Two Slovak MPs on Wednesday donned yellow stars symbolizing the Holocaust in protest at the "dangerous" parliamentary debut of a far-right party they condemn as "fascist".
The opposition MPs wore the stars to an inaugural session of parliament following the country's March 5 election in which the Our Slovakia party won 14 seats.
Nazi Germany forced Jews to wear yellow stars inscribed with the word "Jude" (Jewish in German) during the Holocaust.
Ondrej Dostal, an MP with the liberal SaS, told journalists it was 83 years since the German Reichstag "approved the intention of Hitler's government to pass laws without Parliament" turning Germany into a Nazi dictatorship.
"It's significant that exactly 83 years after this act, Slovak fascists have marched into the Slovak parliament. It's dangerous and we want to highlight this," he said.
Viera Dubacova from the conservative OLaNO-NOVA also wore a yellow star.
Newly elected Our Slovakia MP Milan Uhrik denied his party was fascist and dubbed the protest "a circus, undignified for this place".
"What have we got to do with it? We do not consider ourselves to be fascists," he told the local TASR news agency.
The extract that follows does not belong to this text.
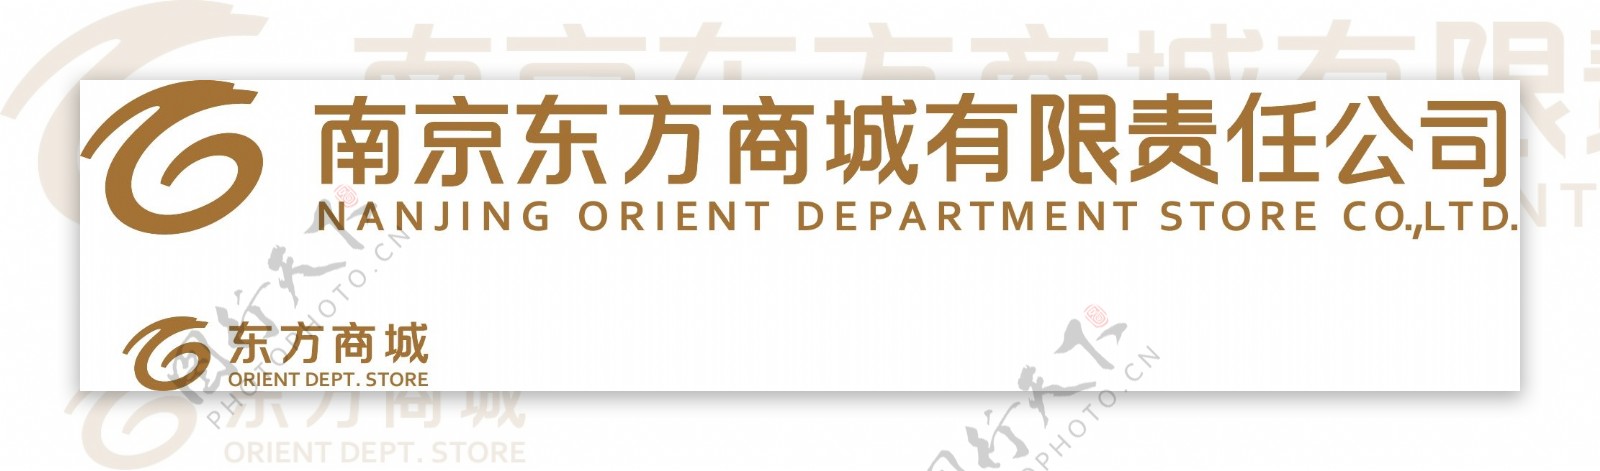 东方商城logo图片

Our Slovakia entered parliament for the first time following an election campaign in which major parties, including Prime Minister Robert Fico's winning leftist Smer-Social Democracy, took staunchly anti-Muslim and anti-refugee positions.
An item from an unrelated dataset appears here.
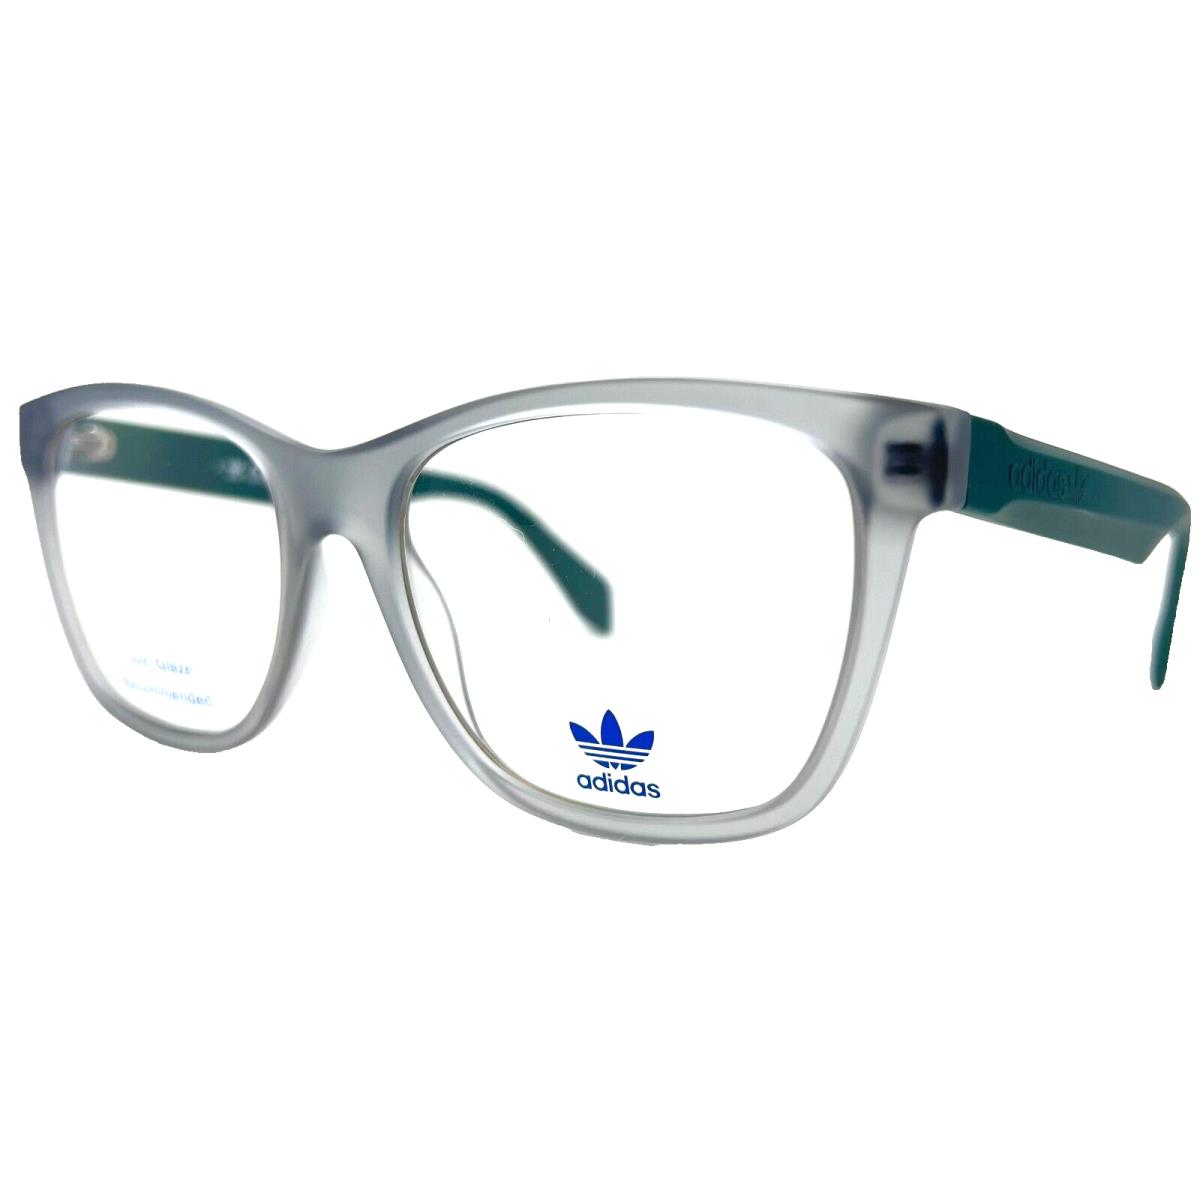 Adidas Originals - OR5025 020 54/16/145 - Gray - Eyeglasses Case

Our Slovakia leader Marian Kotleba, 38, is known for his hostility to both the Roma minority and the "establishment" and for leading street marches with party members dressed in neo-Nazi black uniforms. All parties ruled out cooperating with him.
Kotleba "is a neo-Nazi" who reaped the benefits of Fico's "nationalist rhetoric regarding migrants", analyst Samuel Abraham, head of the Bratislava International School of Liberal Arts, told AFP.
"His rising support does not surprise me. It has always been here."
Kotleba has also spoken warmly about former Slovak president Jozef Tiso, who agreed to deport tens of thousands of Jews to Nazi Germany during World War II.
Fico sealed a coalition deal with three right-wing and centrist parties last week, handing himself a third term and averting the risk of an early election ahead of Slovakia's EU presidency.
The ex-communist country of 5.4 million people is gearing up to take the rotating six-month helm of the EU from July -- a role that will put the health of its democracy in the international spotlight.